Это было к лучшему. Зимой пол в бане обвалился, и дед, решив, что это может оказаться опасным, приказал набросать в подпол крысиного яду и засыпать его. Мне, словно выкуренному из норы зверенышу, пришлось как-то устраиваться на поверхности земли.
Через шесть месяцев после визита Горлана, когда на смену холодному февралю пришли первые дни набухающего почками марта, Камлах принялся заводить разговоры – сперва с моей матерью, потом с дедом – о том, что меня надо обучить чтению и письму. Я думаю, мать была благодарна Камлаху за это проявление заботы обо мне; я тоже был обрадован этим и постарался выказать свою радость, хотя со времени той стычки в саду у меня не осталось ни малейших иллюзий относительно истинных побуждений Камлаха. Впрочем, я не видел особого вреда в том, чтобы Камлах думал, что мое отношение к карьере священника изменилось. Мать объявила, что никогда не выйдет замуж, и все чаще посещала монастырь Святого Петра, чтобы поговорить с настоятельницей и священниками, время от времени посещавшими обитель. Это развеяло наихудшие опасения Камлаха – что мать может выйти замуж за принца из Уэльса, который впоследствии будет претендовать на престол, или что мой неведомый отец когда-нибудь вернется, объявит ее своей женой, а меня сыном и окажется достаточно могущественным человеком, чтобы вытеснить самого Камлаха. Для Камлаха не имело значения, что ни в том, ни в другом случае я не был бы для него опасен, а сейчас – так и вовсе, ведь незадолго до Рождества Камлах женился, и уже к началу марта было заметно, что его жена понесла. Даже ставшая очевидной беременность Ольвен ничем ему не грозила, поскольку благосклонность отца к Камлаху была столь велика, что новорожденный брат не мог стать для него серьезным соперником. Тут и думать было не о чем; Камлах пользовался репутацией хорошего воина, умел привлекать людей на свою сторону, ему были присущи безжалостность и здравый смысл. Безжалостность Камлаха проявилась в той попытке отравить меня, а здравый смысл – в его безразлично-доброжелательном отношении ко мне с тех пор, как моя мать объявила о своем решении и я перестал представлять собой какую-либо опасность для Камлаха. Но я замечал, что честолюбивые и властные люди зачастую боятся даже малейшей угрозы своей власти. Камлах успокоился бы лишь тогда, когда я сделался бы священником и навсегда покинул дворец.

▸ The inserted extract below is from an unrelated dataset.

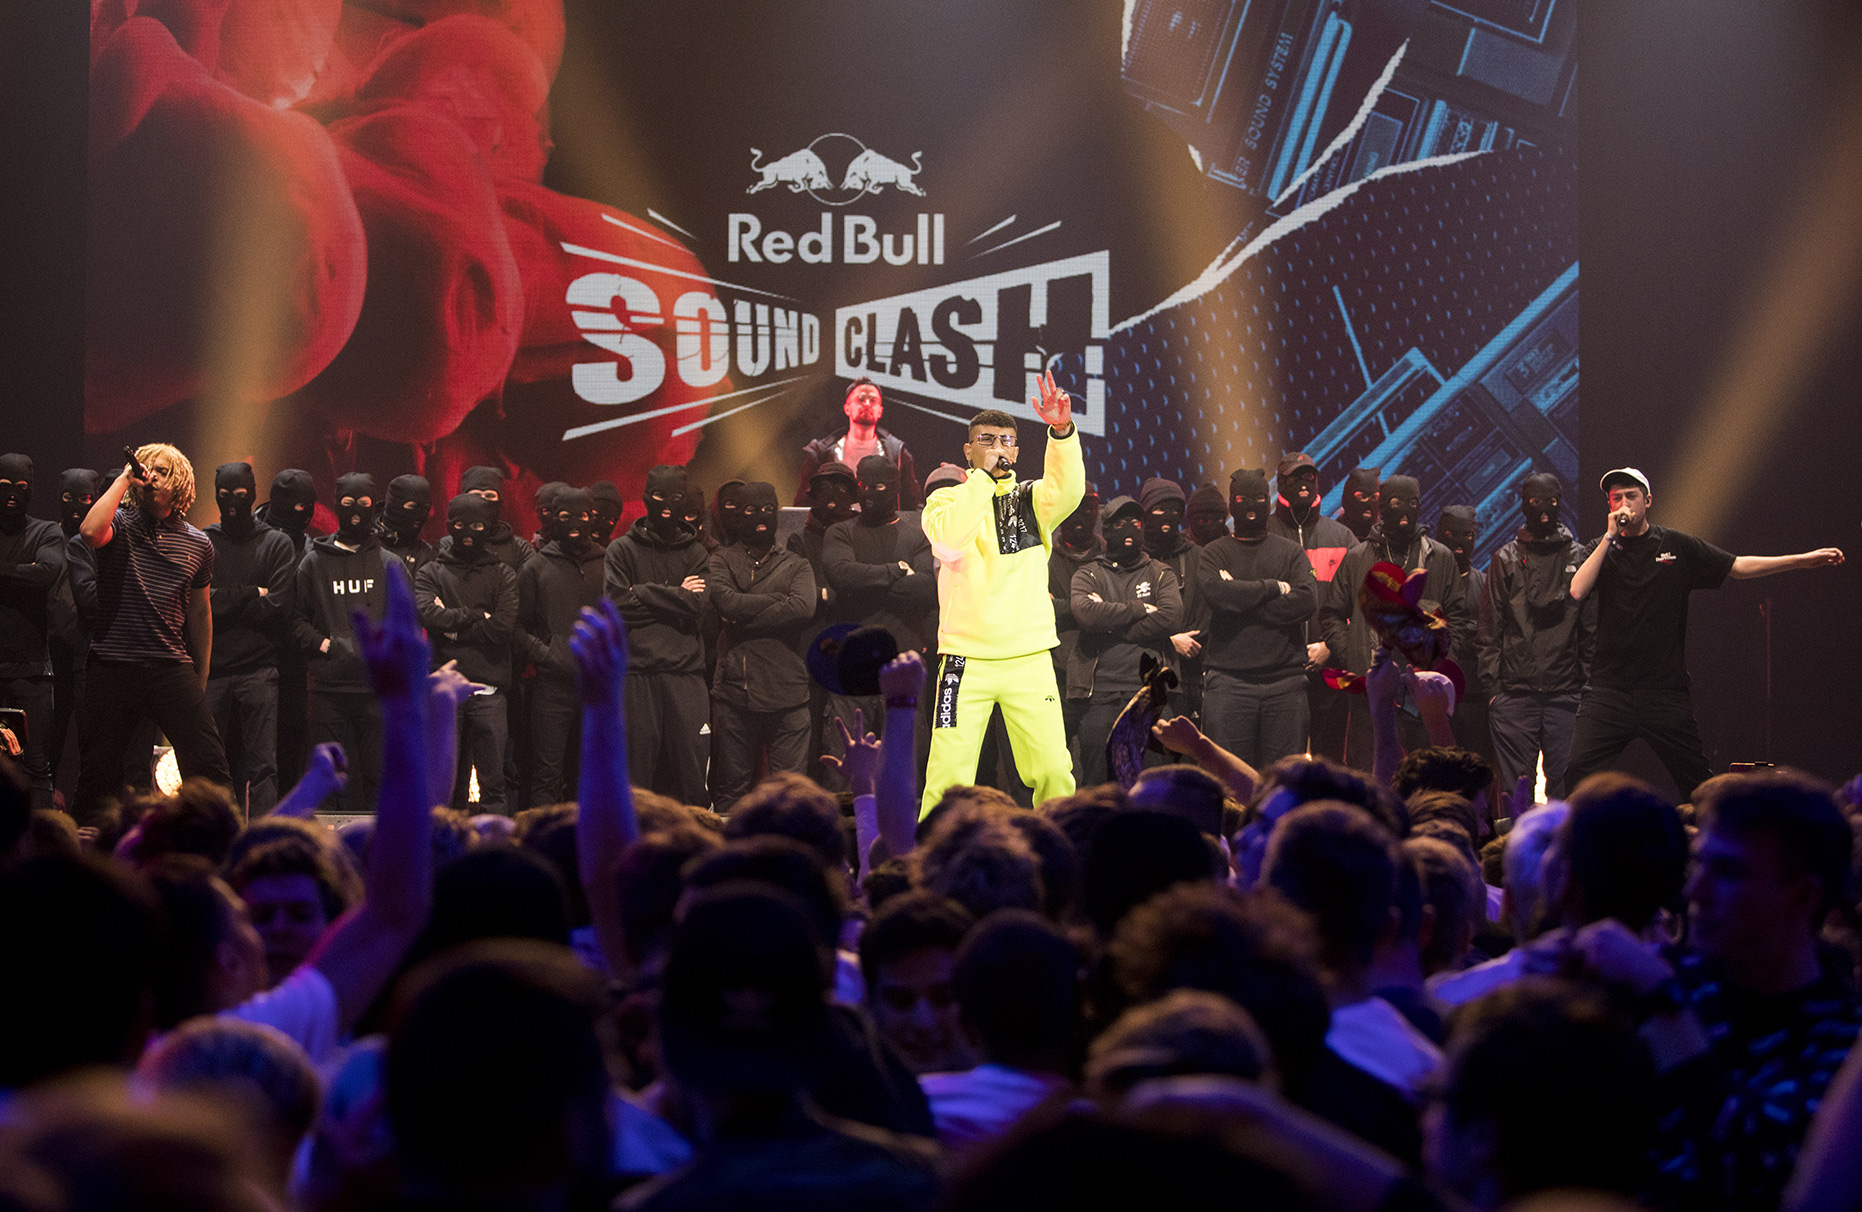 © Dirk Mathesius, CRACK IGNAZ, SOUFIAN & LGOONY is performing at Red Bull Sound Clash Stage, CRACK IGNAZ, LGOONY, SOUFIAN/ Team New Level VS. SAMY DELUXE, EKO FRESH, AFROB/ Team Reality Check, Client Red Bull, Hamburg

Но каковы бы ни были побуждения Камлаха, появление учителя меня обрадовало; это оказался грек, бывший прежде писцом в Массилии, но допившийся до долговой ямы и до рабства; теперь его приставили ко мне. Он учил меня хорошо – из благодарности за перемену в своем положении и избавление от тяжелого труда – и без религиозной предвзятости, сильно сужавшей те знания, которые я ухитрялся почерпнуть у священников моей матери. Деметрий был приятным, но не слишком умным человеком, обладавшим большими способностями к языкам. Единственным его развлечением была игра в кости и выпивка, если ему удавалось выиграть. Время от времени, когда Деметрий выигрывал достаточно много, я находил его безмятежно спящим над книгами, но никогда и никому об этом не рассказывал и только рад был случаю заняться своими делами. Деметрий был благодарен мне за молчание, и когда я прогуливал занятия, он, в свою очередь, помалкивал и не старался разузнать, где это меня носило. Учеба давалась мне легко, и я выказывал достаточные успехи, чтобы моя мать и дядя Камлах остались довольны, так что мы с Деметрием уважали тайны друг друга и неплохо ладили.